Sumberdaya hutan Pegunungan Ruteng secara de facto dimiliki dan diakses oleh masyarakat tradisional meskipun secara hukum merupakan hutan negara. Masyarakat tradisional secara jelas dapat menentukan sumberdaya yang mereka miliki karena memiliki hak kepemilikan yang masih ditaati sampai saat ini dan dilindungi oleh hukum adat. Sistem hak kepemilikannya terdiri dari hak komunal, yaitu : beo kampung, lingko kebun komunal, rami hutan sekunder cadangan pertanian, puar hutan, bangka kampung lama dan cengit daerah keramat serta hak kepemilikan privat, yaitu roas halaman sekitar rumah. Aturan pemanfaatan sumberdaya sesuai dengan sistem pembagian tata ruang secara tradisional yang dapat dibedakan menjadi tiga, yaitu: wilayah tinggal, wilayah budidaya dan wilayah pemanfaatan. Wilayah tinggal disebut dengan beo kampung dengan kepemilikan privat rumah tinggal dan pekarangan sekitar rumah.

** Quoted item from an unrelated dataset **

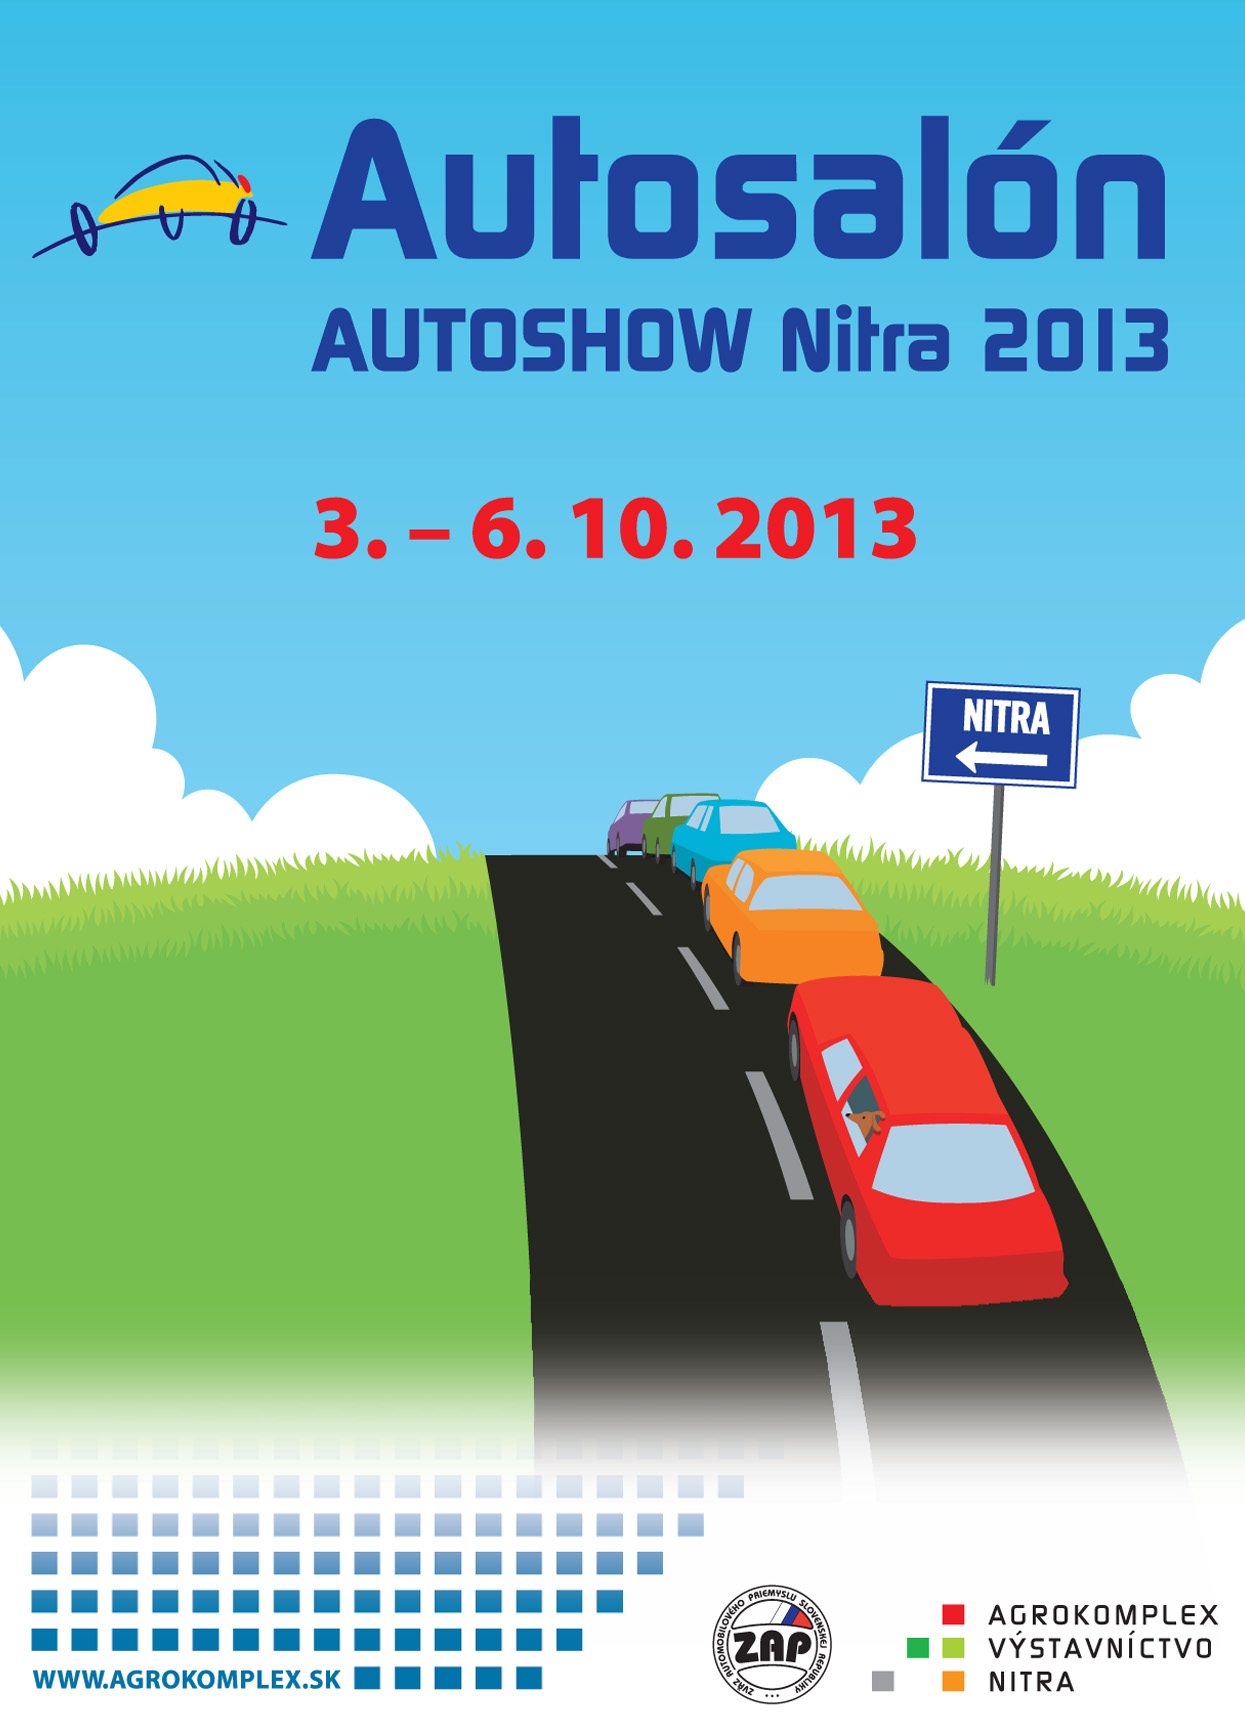 Autosalon Nitra 2013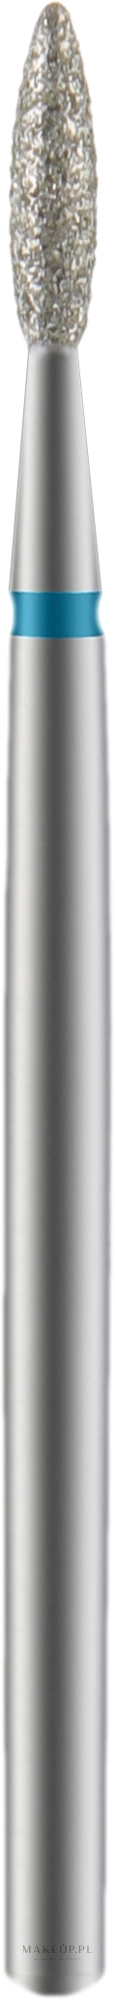 Frez diamentowy, podłużny, niebieski, średnica 2,1 mm, część robocza 8 mm - Staleks Pro — Zdjęcie 1 szt.

Wilayah budidaya meliputi lingko kebun komunal dan wilayah yang diberakan untuk cadangan pertanian yang disebut dengan rami hutan sekunder. Wilayah untuk pemanfatan terbagi menjadi dua, yaitu puar untuk pemenuhan berbagai macam kebutuhan subsisten sehari-hari termasuk kebutuhan protein dengan cara berburu dan daerah keramat untuk kebutuhan religi. Daerah keramat umumnya berupa mata air dan danau dengan wilayah sekitar hutan yang dikeramatkan. Masing-masing kampung memiliki wilayah pengelolaan yang jelas dan tidak ada tumpang tindih. Masyarakat dalam satu kampung Manggarai adalah satu klan sehingga saling mengenal satu sama lain. Pemanfaatan sumberdaya hutan kampung Wae Rebo di Hutan Todo dilakukan dengan sepengetahuan lembaga adat. Pada wilayah TWA Ruteng pemanfaatan sumberdaya hutan dilakukan untuk komersial dan sudah tidak lagi ada pengaturan dari lembaga adat. Masyarakat kampung Mano dan Lerang sering menuduh masyarakat dari kampung lain yang memanfaatkan hutan untuk melepas tanggung jawab secara hukum akibat pemanfaatan komersial yang kurang lestari.